- **Exercise goal**: There are pictures in the records below; leave them out and set down exactly the lines from the one holding "Crossed sandals white" through the one holding "airsoft modern+ Sneaker - khaki".

- **Records supplied**:

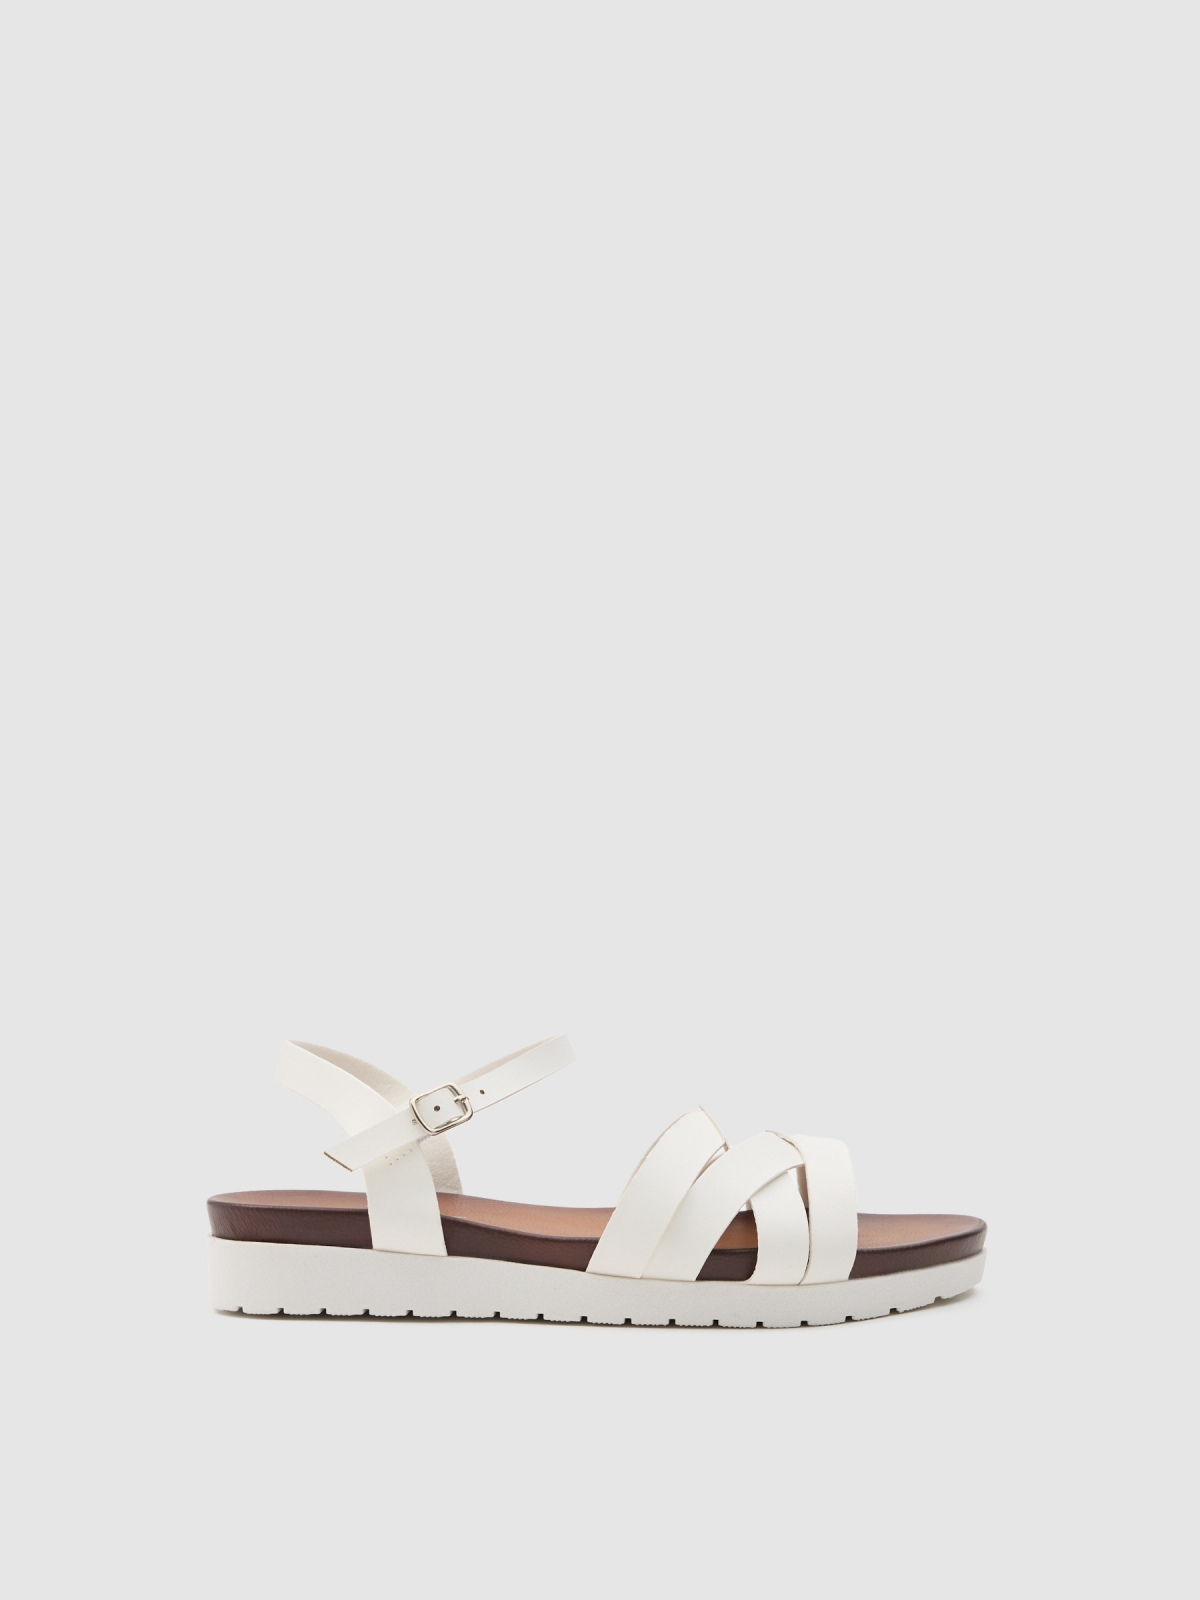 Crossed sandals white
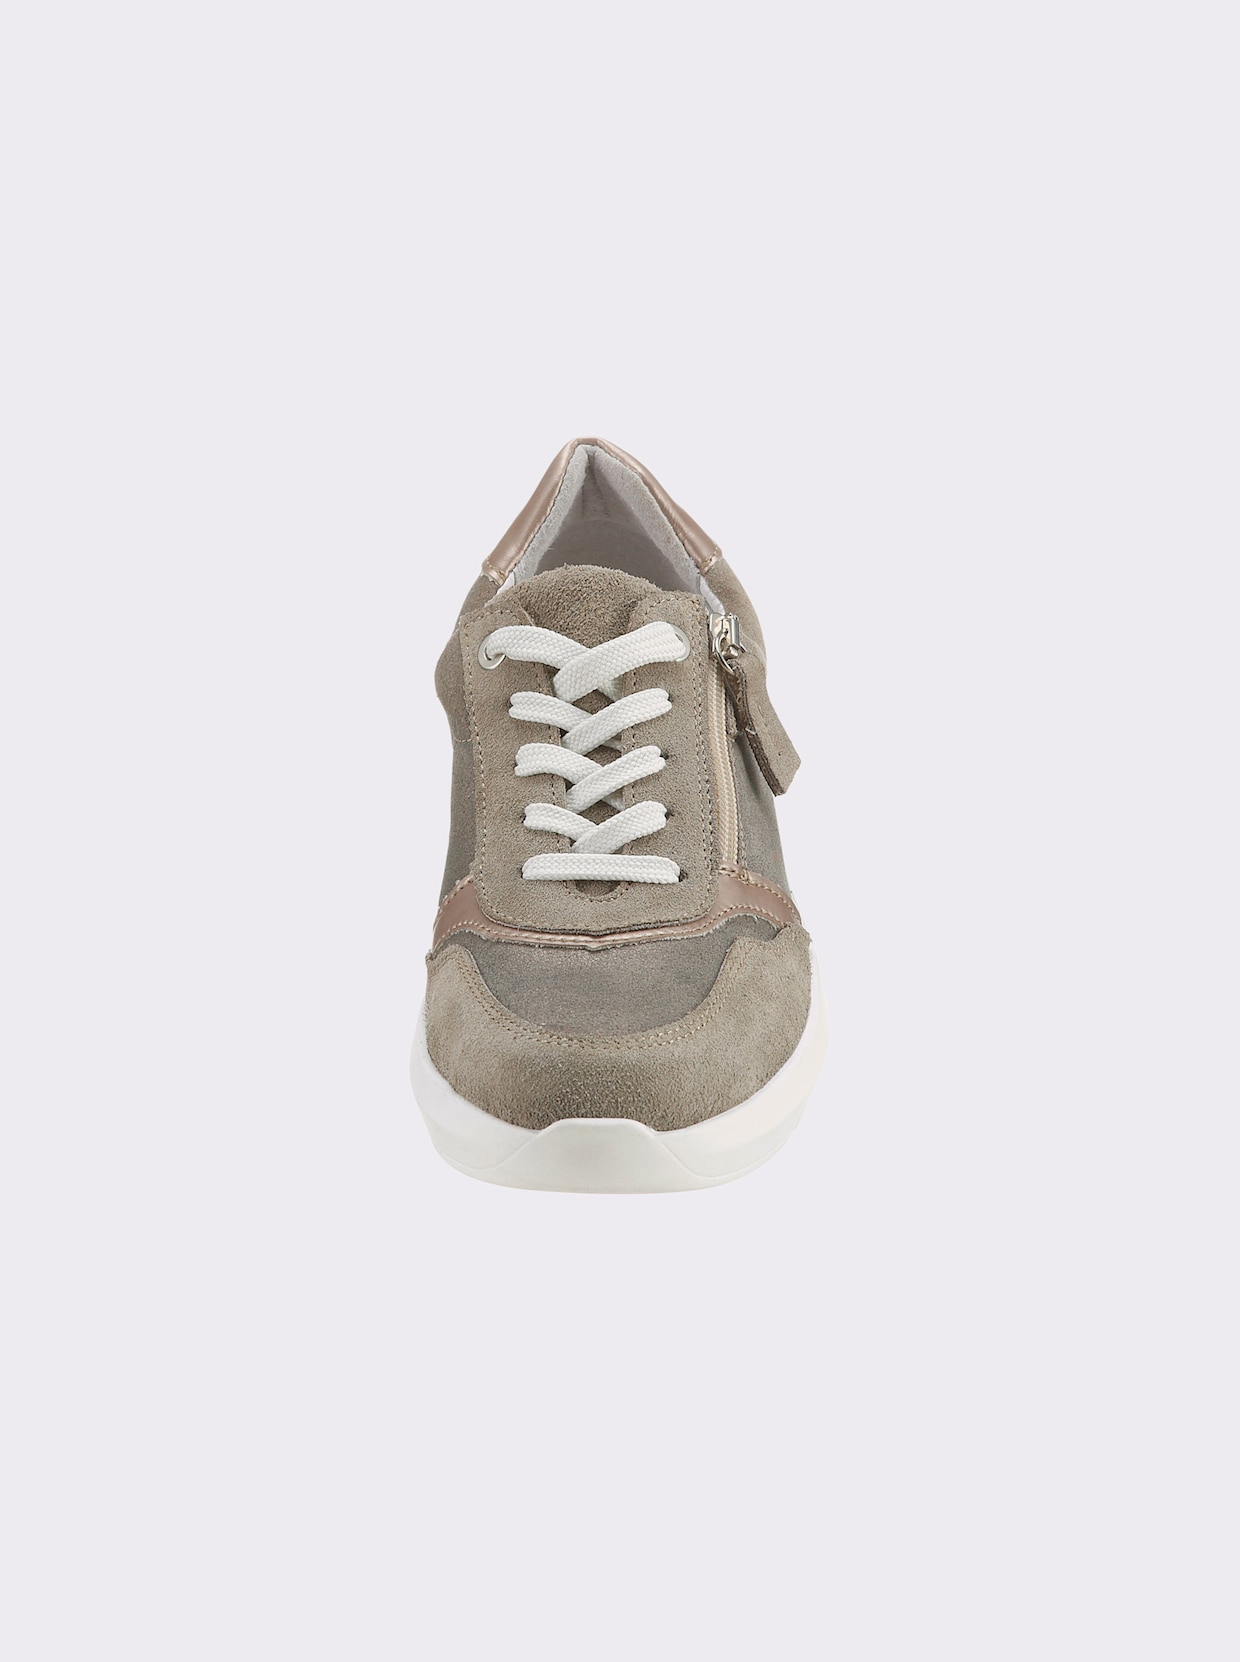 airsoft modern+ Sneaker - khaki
---
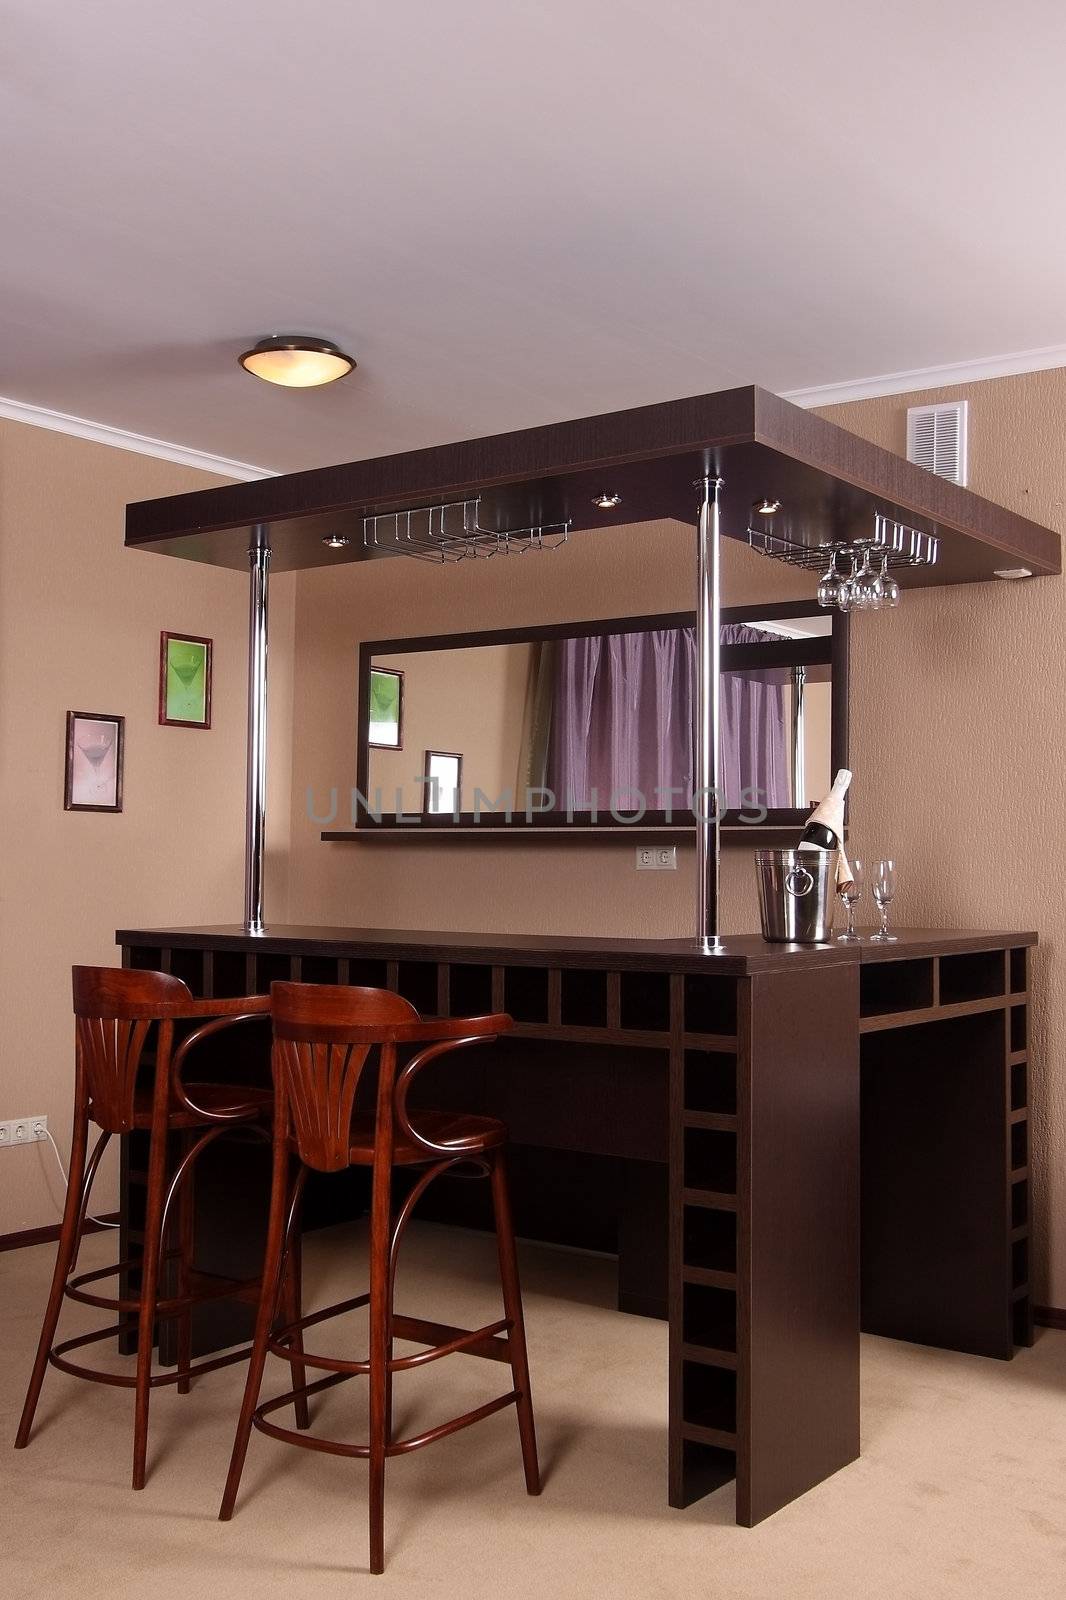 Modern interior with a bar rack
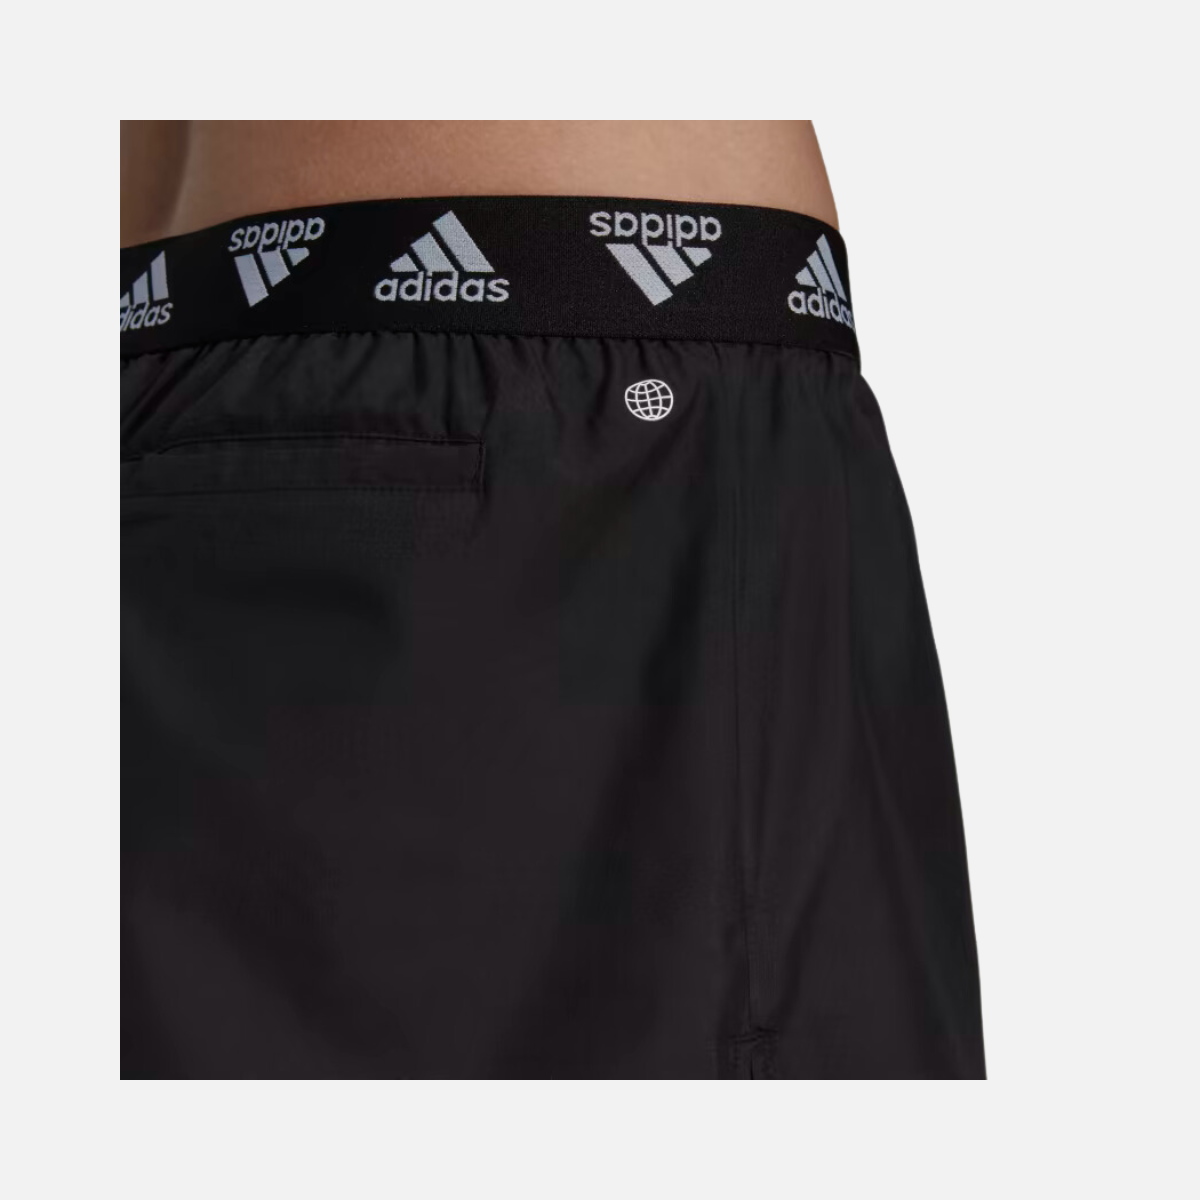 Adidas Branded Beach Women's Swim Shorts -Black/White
==
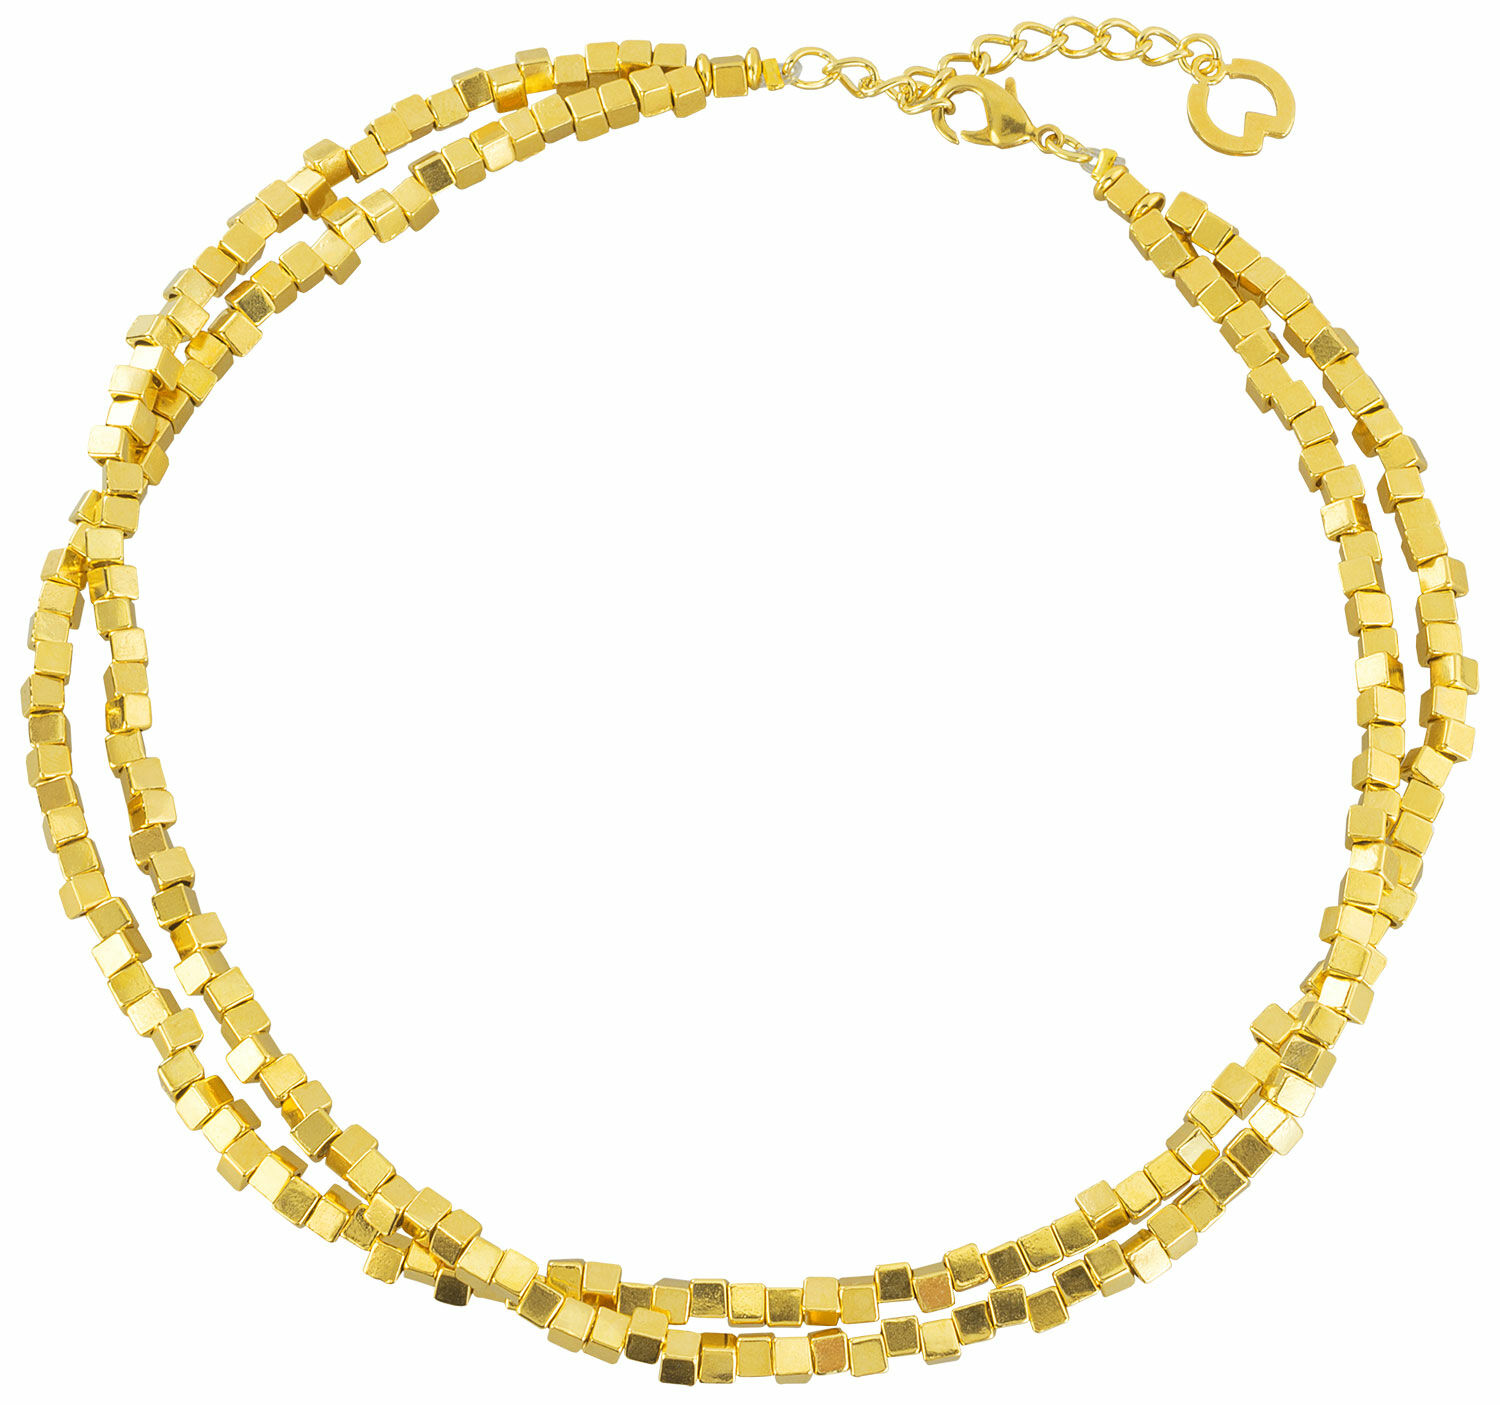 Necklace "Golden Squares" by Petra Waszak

- **Output below**:
 Crossed sandals white
 airsoft modern+ Sneaker - khaki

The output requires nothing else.